Data below:
((

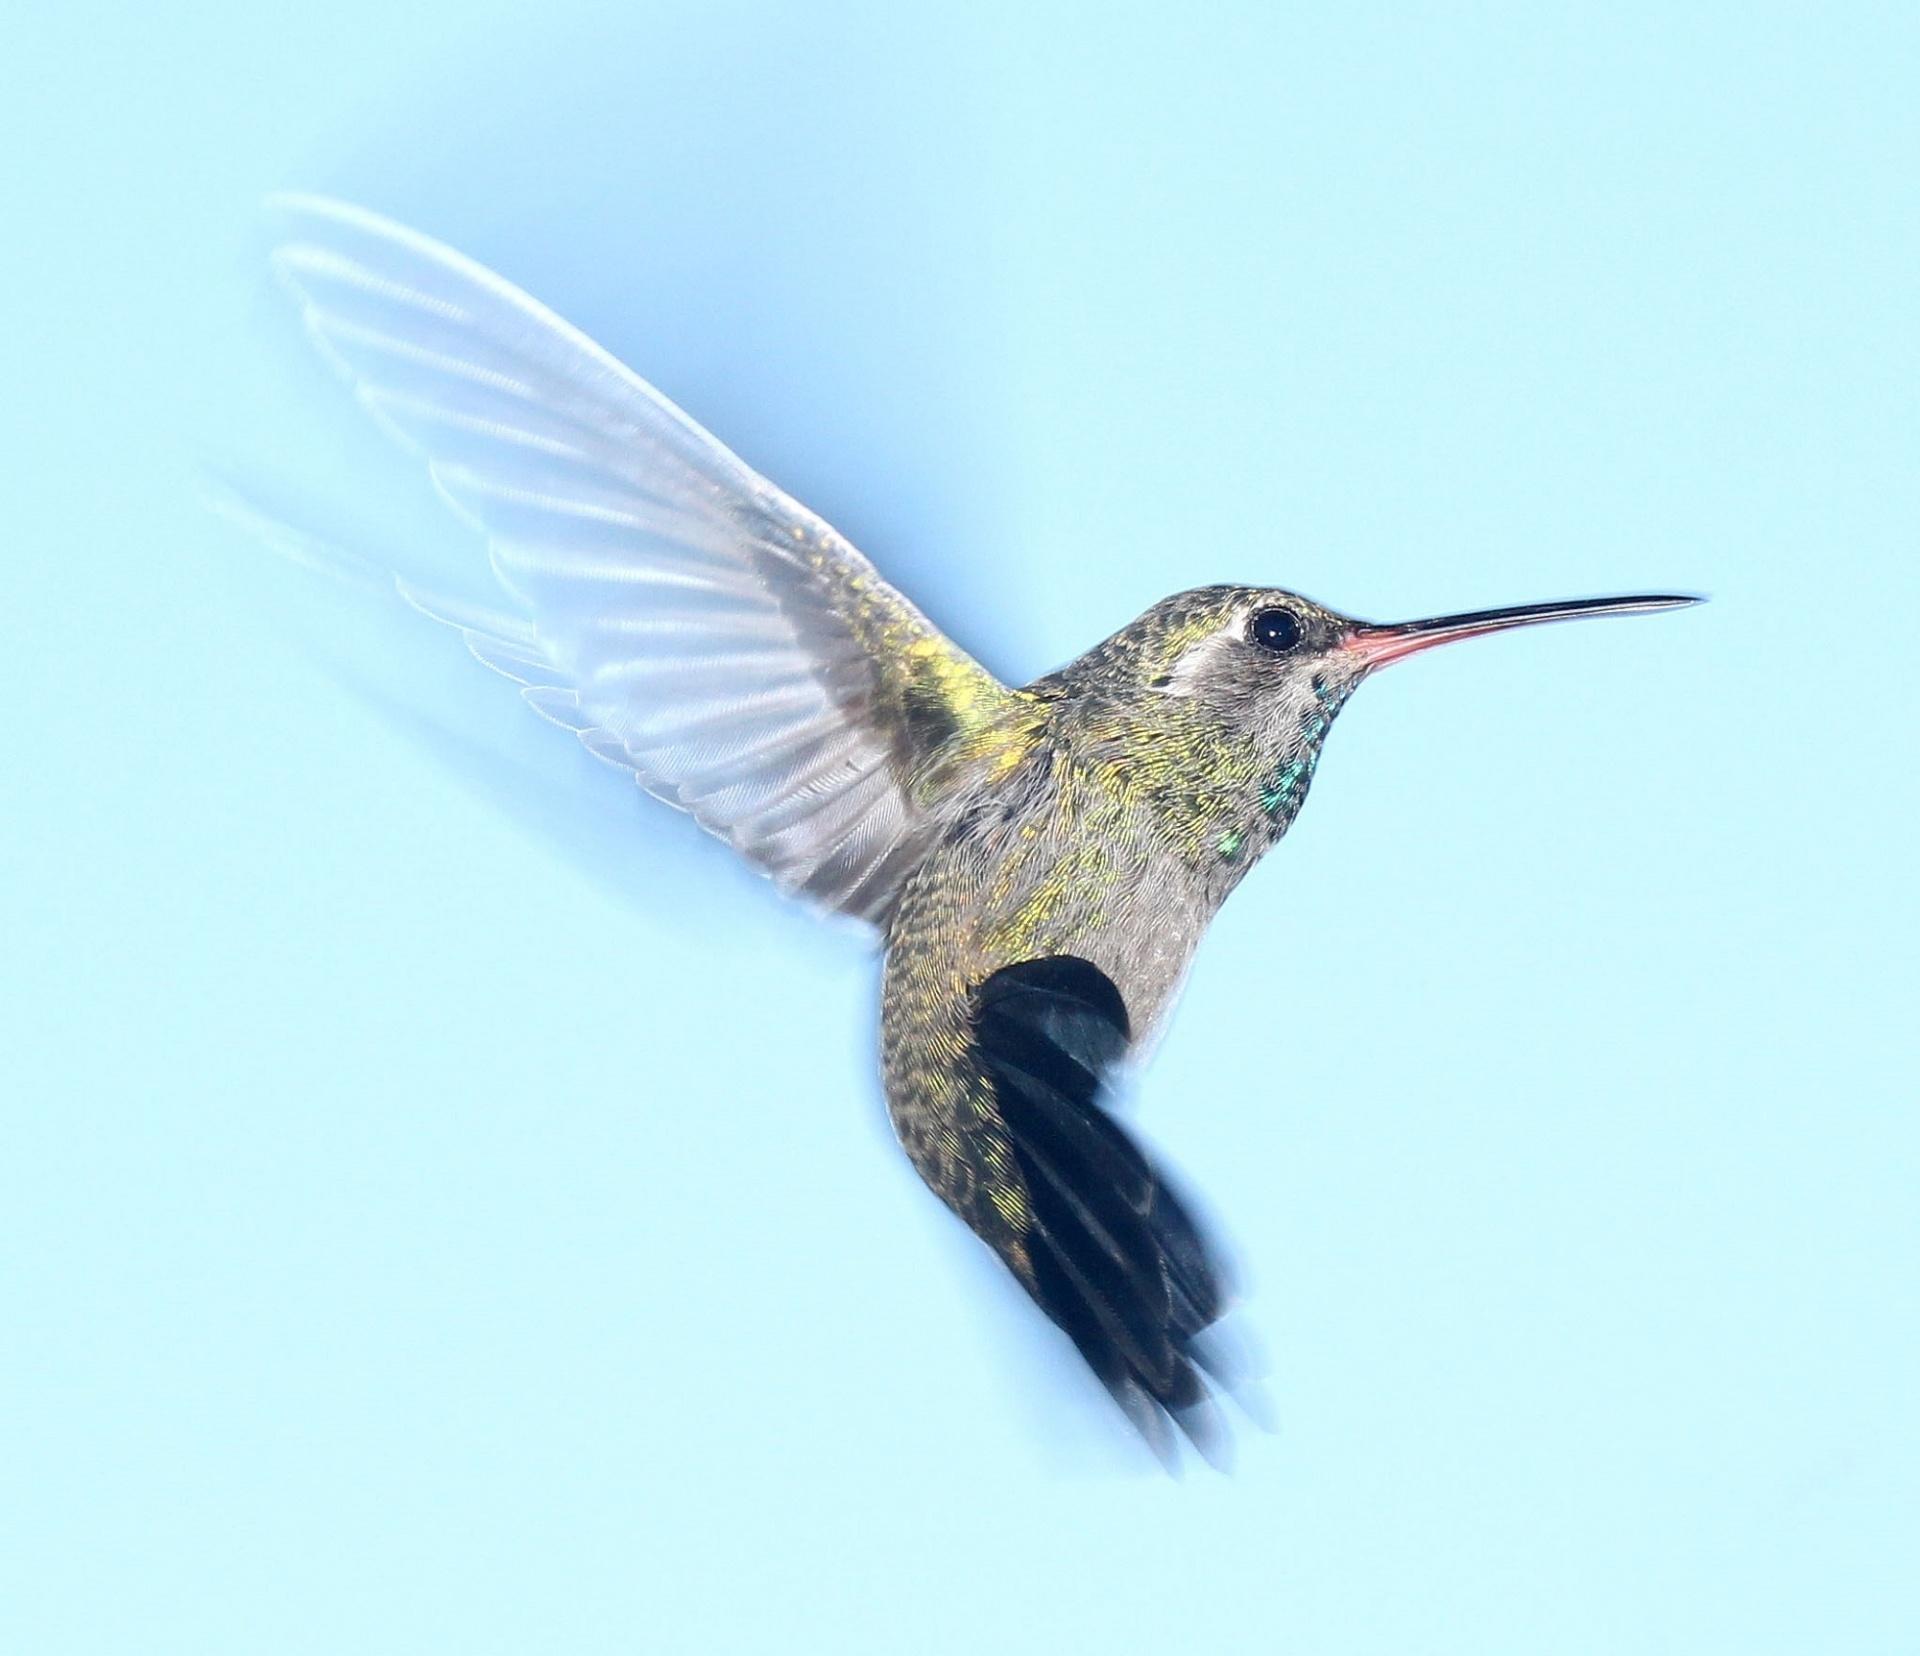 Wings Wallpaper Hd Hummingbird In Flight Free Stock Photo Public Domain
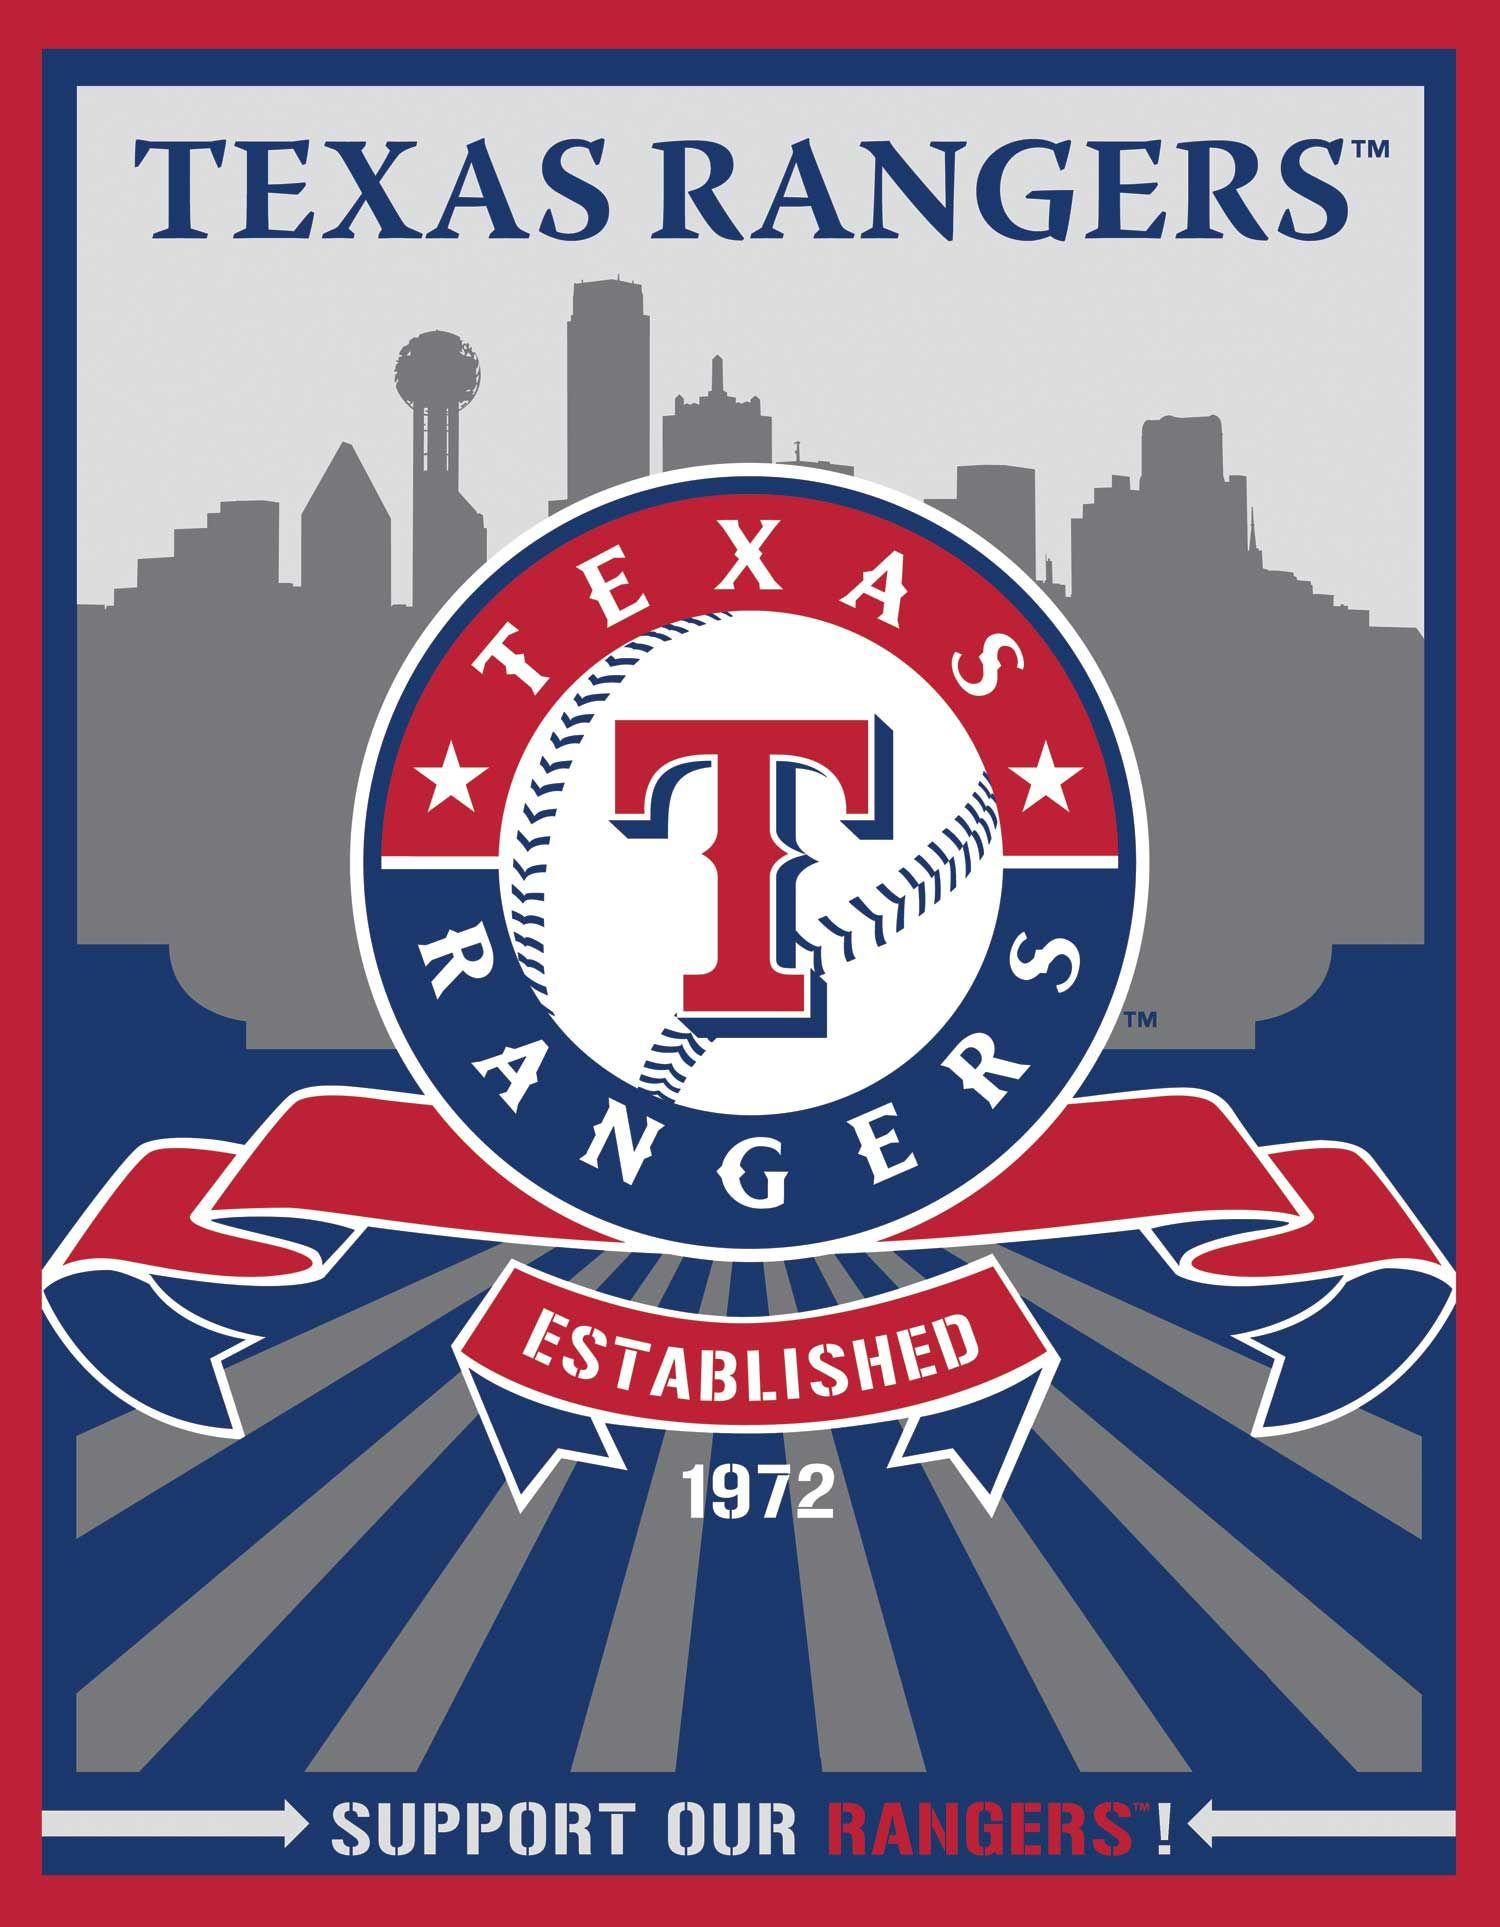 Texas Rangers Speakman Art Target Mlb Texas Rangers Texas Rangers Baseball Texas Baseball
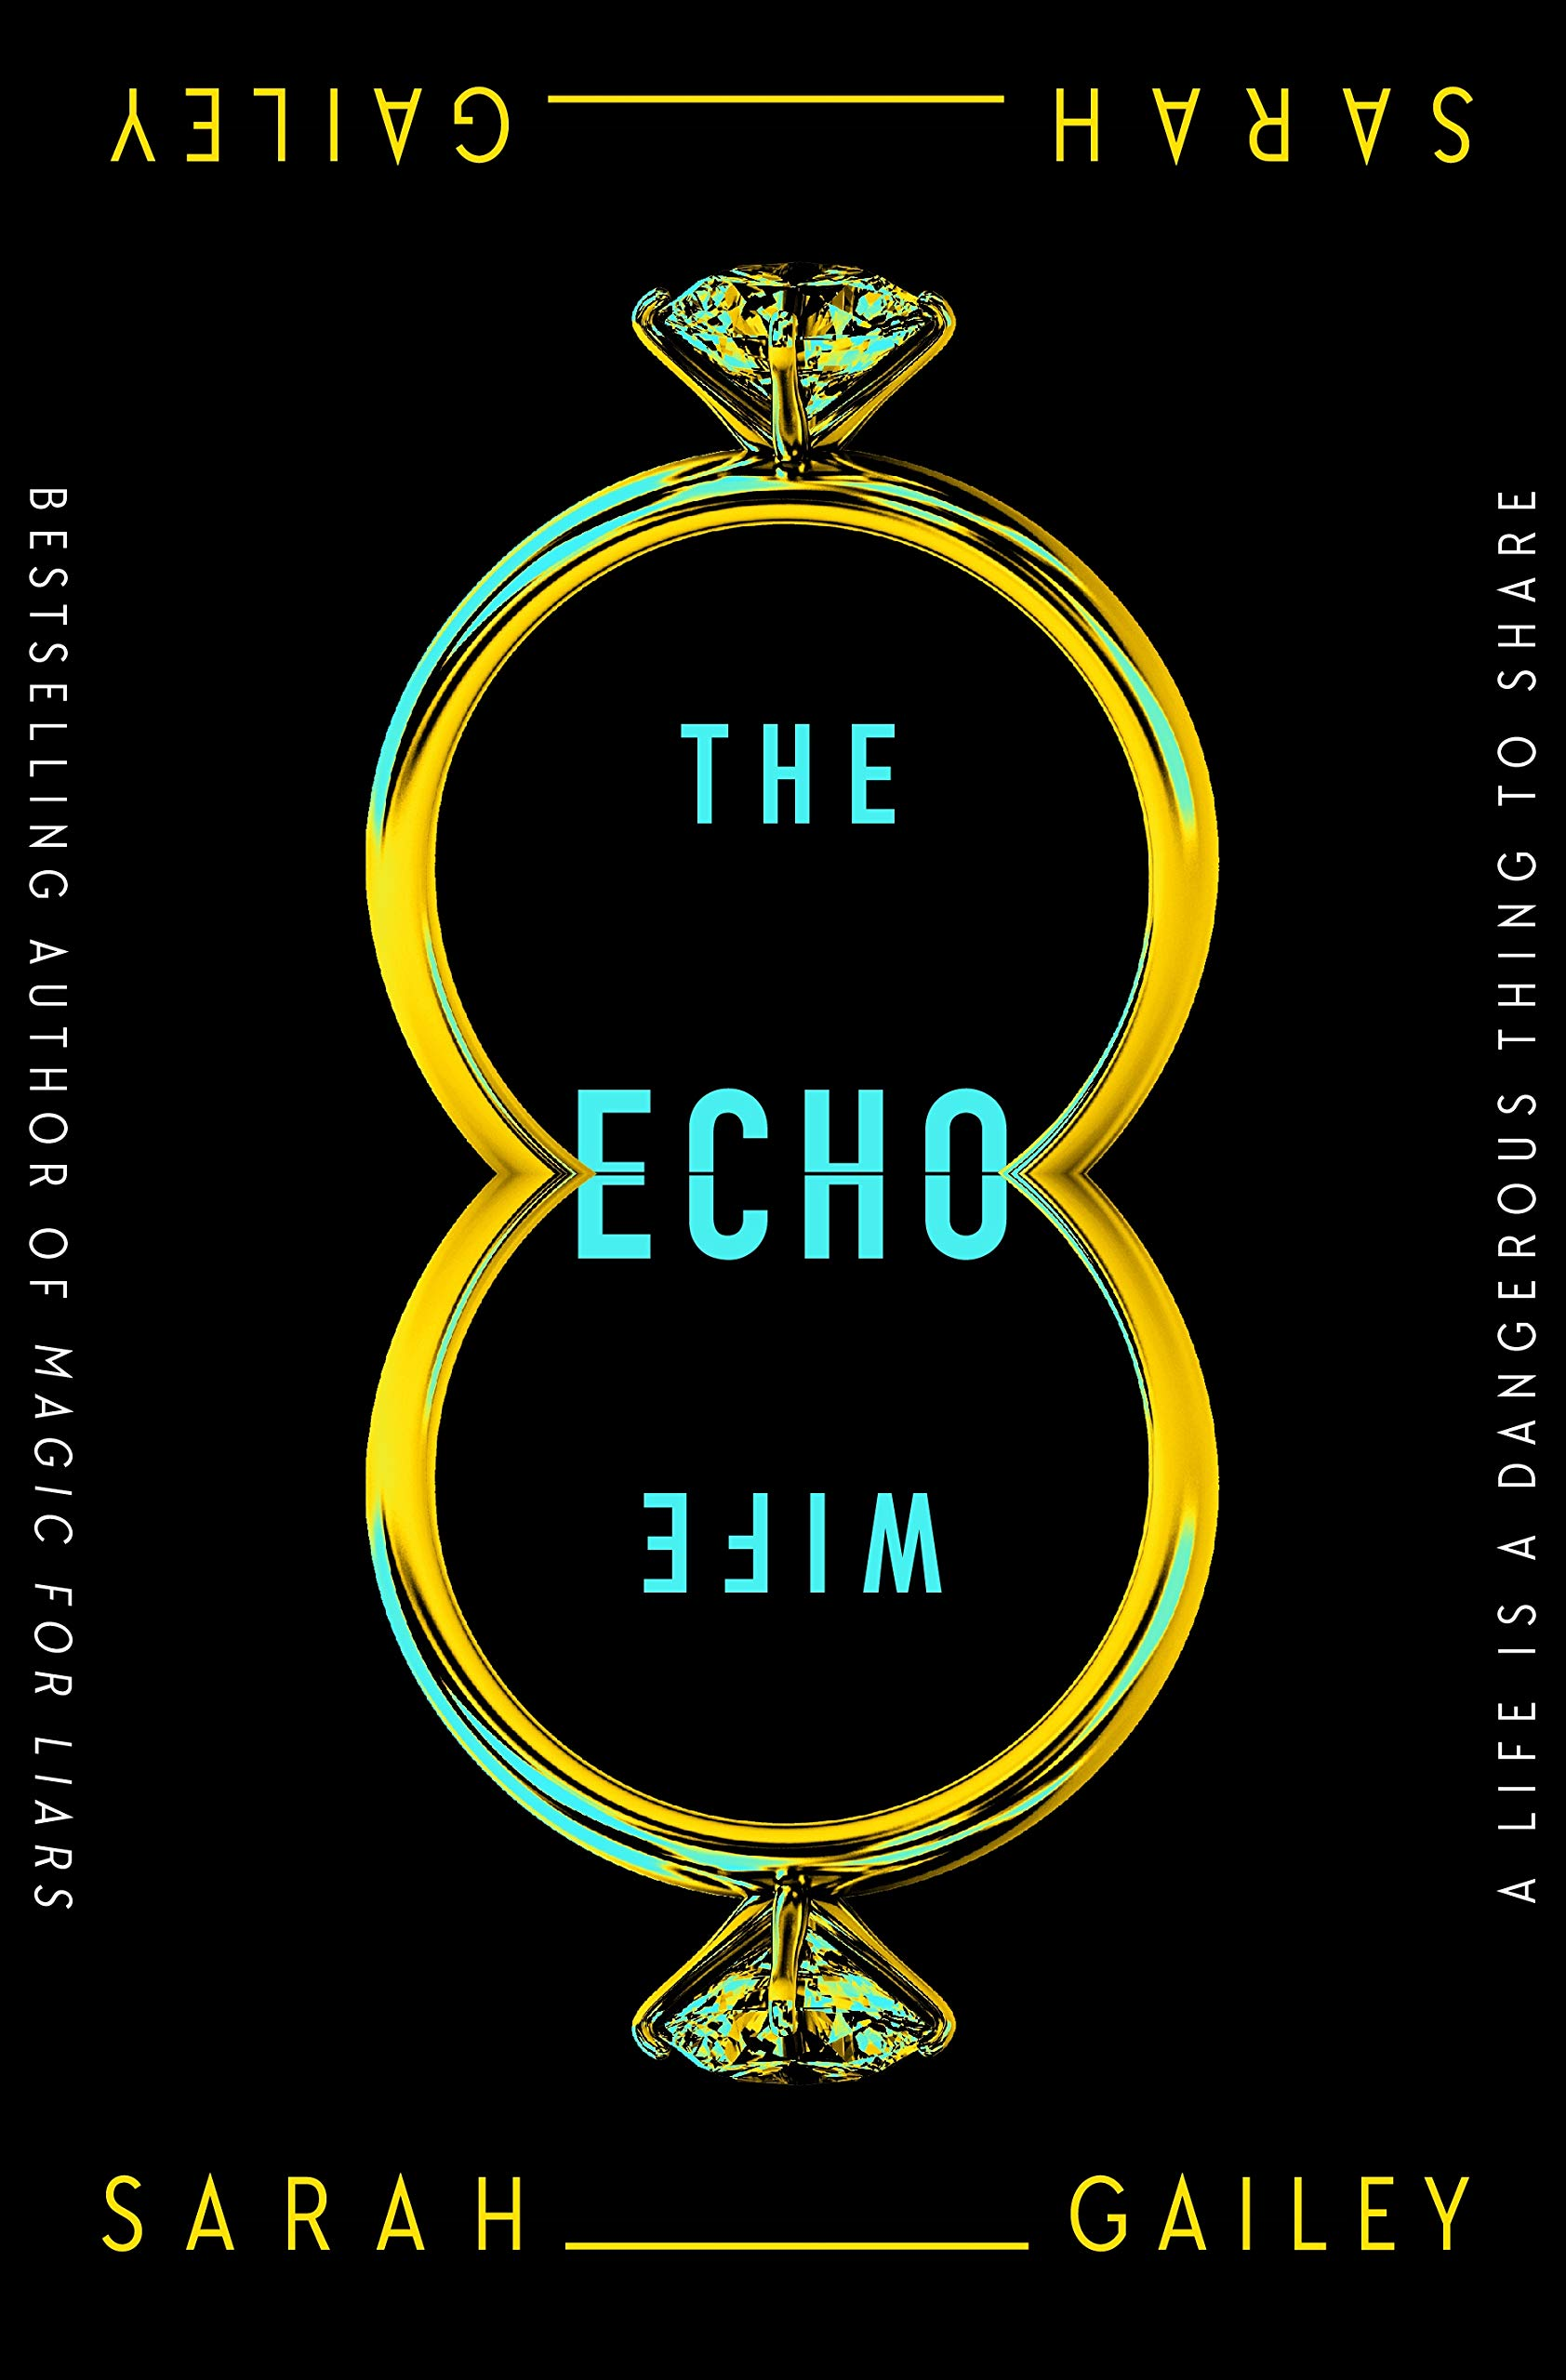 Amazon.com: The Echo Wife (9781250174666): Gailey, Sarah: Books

))

Task brief:
With pictures excluded, output the listing above exactly as it stands.

Response to this task:
 Wings Wallpaper Hd Hummingbird In Flight Free Stock Photo Public Domain
 Texas Rangers Speakman Art Target Mlb Texas Rangers Texas Rangers Baseball Texas Baseball
 Amazon.com: The Echo Wife (9781250174666): Gailey, Sarah: Books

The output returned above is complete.